The MHA has come a long way during the past 20 years. It has continued to hold regular public lectures and socials under the leadership of, among others, Joe Borg, George Portelli, Edwina Mallia and now Frances Bonnici. It is professionally organised, with a newsletter directed by its secretary, Dr Brian Zammit, Ph.D. (La Trobe), available online; a website; dedicated photographers in Nino Xerri and Lewis Zammit; logos; ongong contacts and a steady membership. This continuing interest in topics related to Maltese history, in its widest sense, is a sure indication of how ethnicity can be sustained through culturally-oriented, historically-driven endeavours and encounters, which foster socialisation and inter-cultural respect. Such a forma mentis is obviously less parochial, more encompassing, and carries a broader appeal to the intellect, beyond simply the festa or the banda, or even the ghana, and the more stereotyped versions of “Malteseness” usually portrayed by the local media.

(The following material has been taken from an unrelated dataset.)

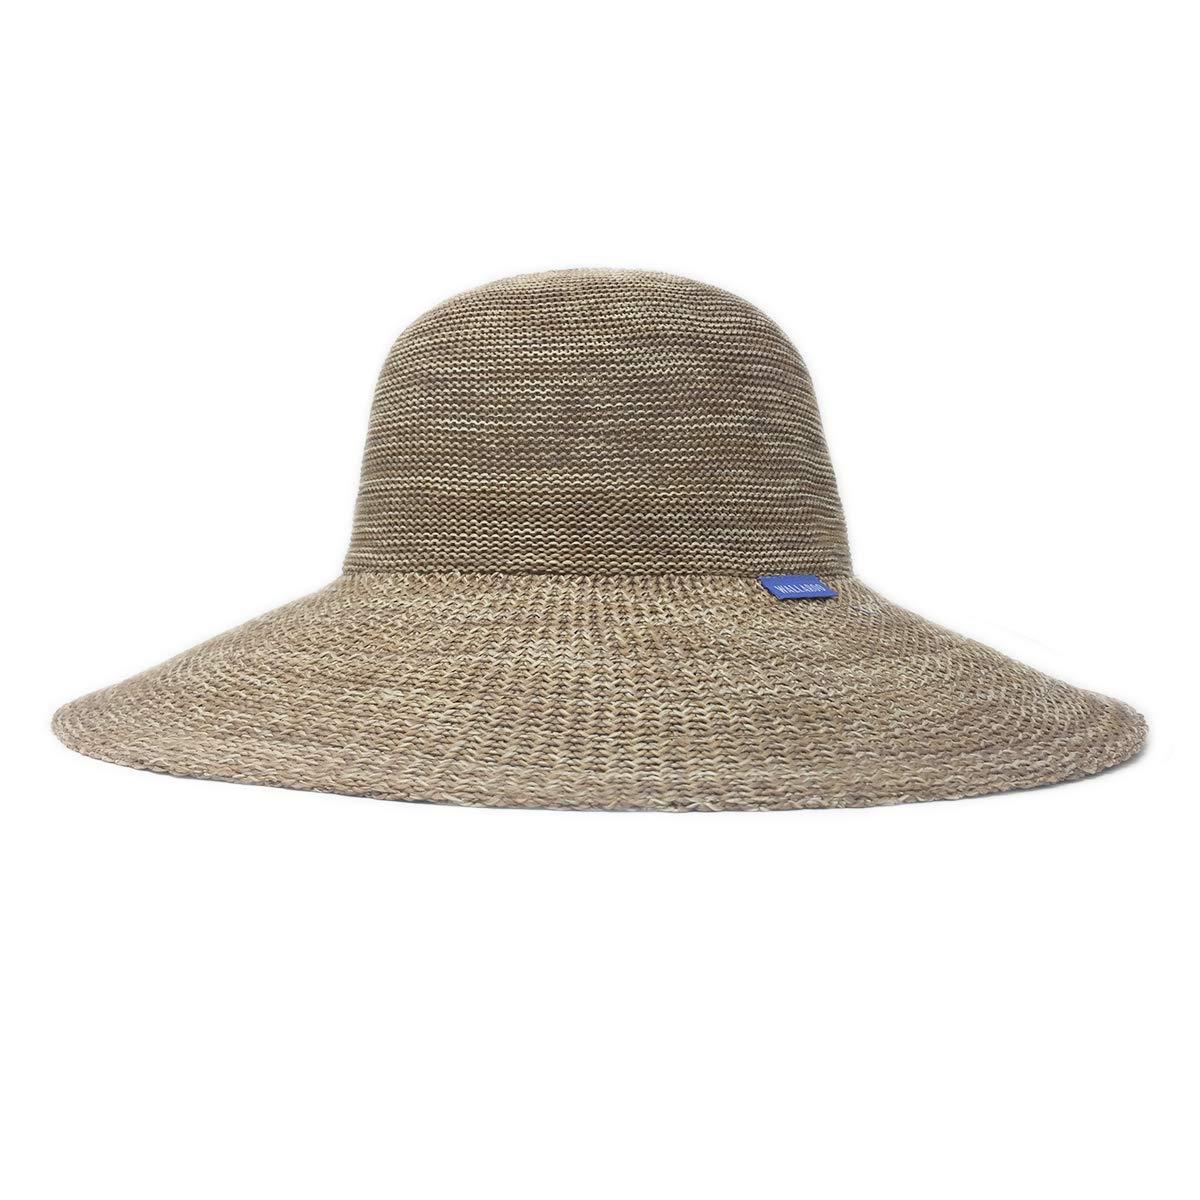 359c22fb3 Wallaroo Women's Victoria Diva Sun Hat - Packable Straw Hat (Mixed ...
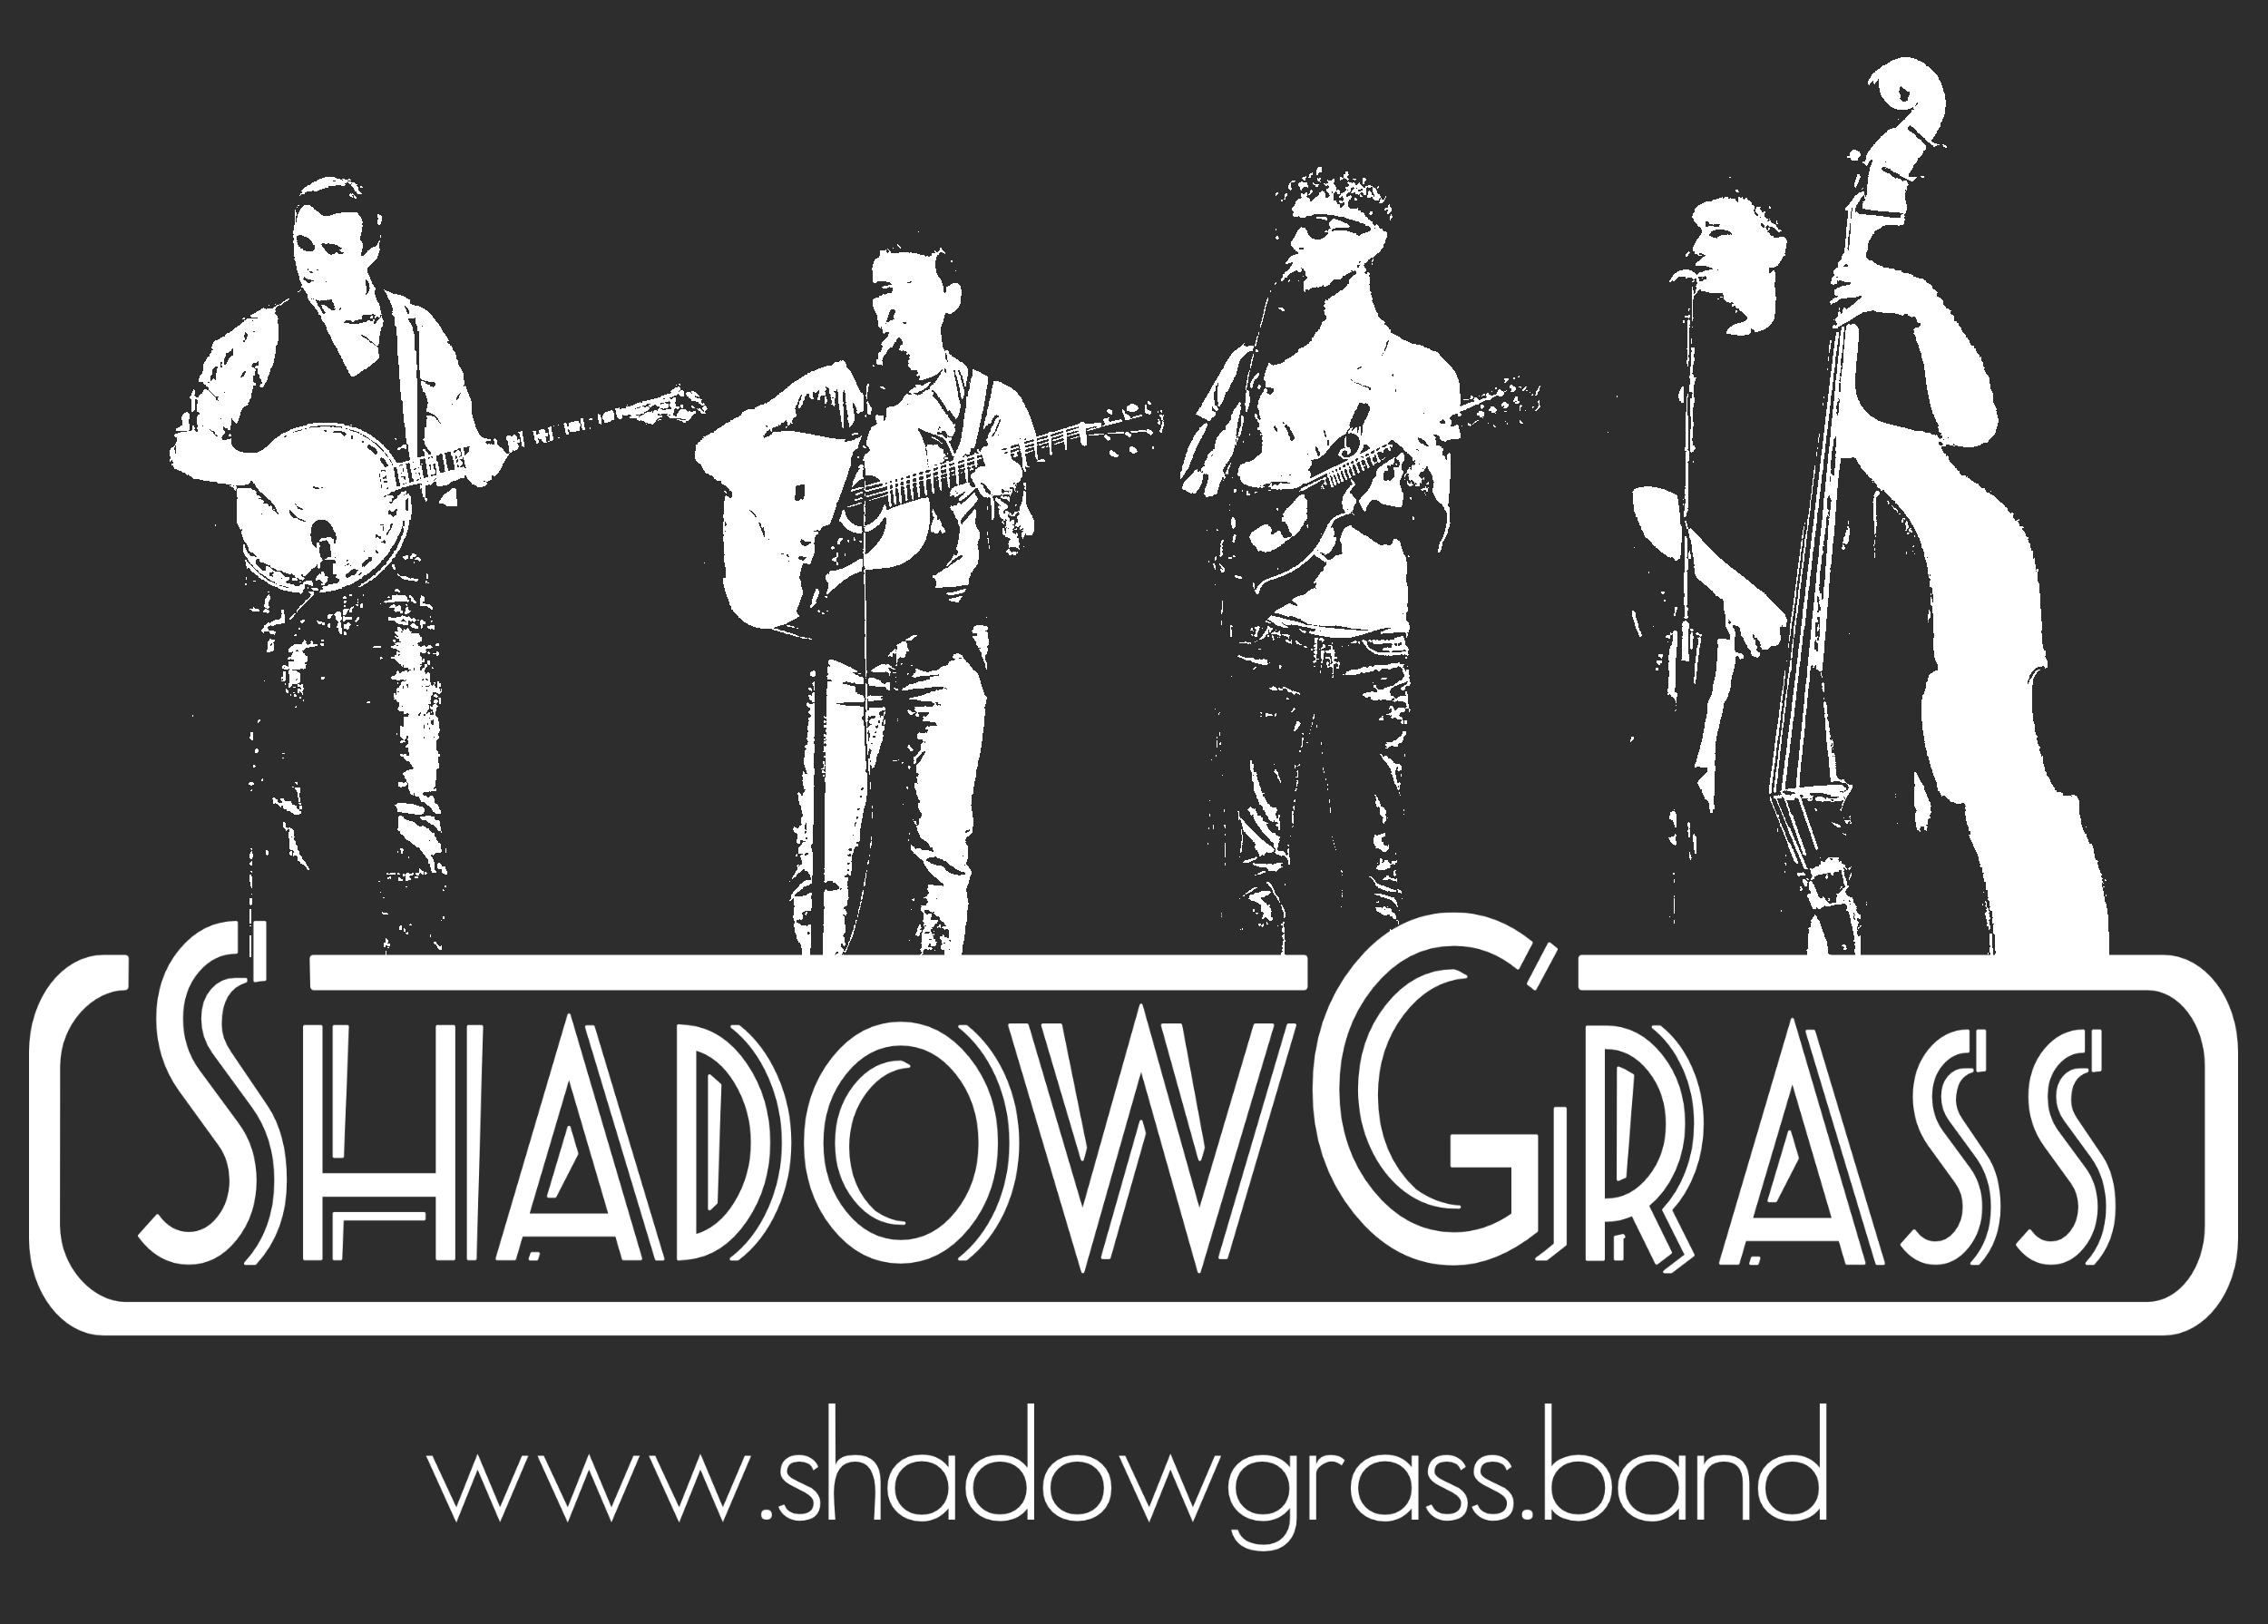 Shadowgrass

On their agenda was a baroque music concert being put up with the help of Maestro Richard Divall, a Knight of Malta.

One of the organisations affiliated to the MCCV (which also has the best Maltese lending library outside of Malta) the MHA is interested in Maltese language retention and even language classes but public lectures are normally held in English, on the premise that “Malta” is not necessarily a prerogative of Maltese speakers.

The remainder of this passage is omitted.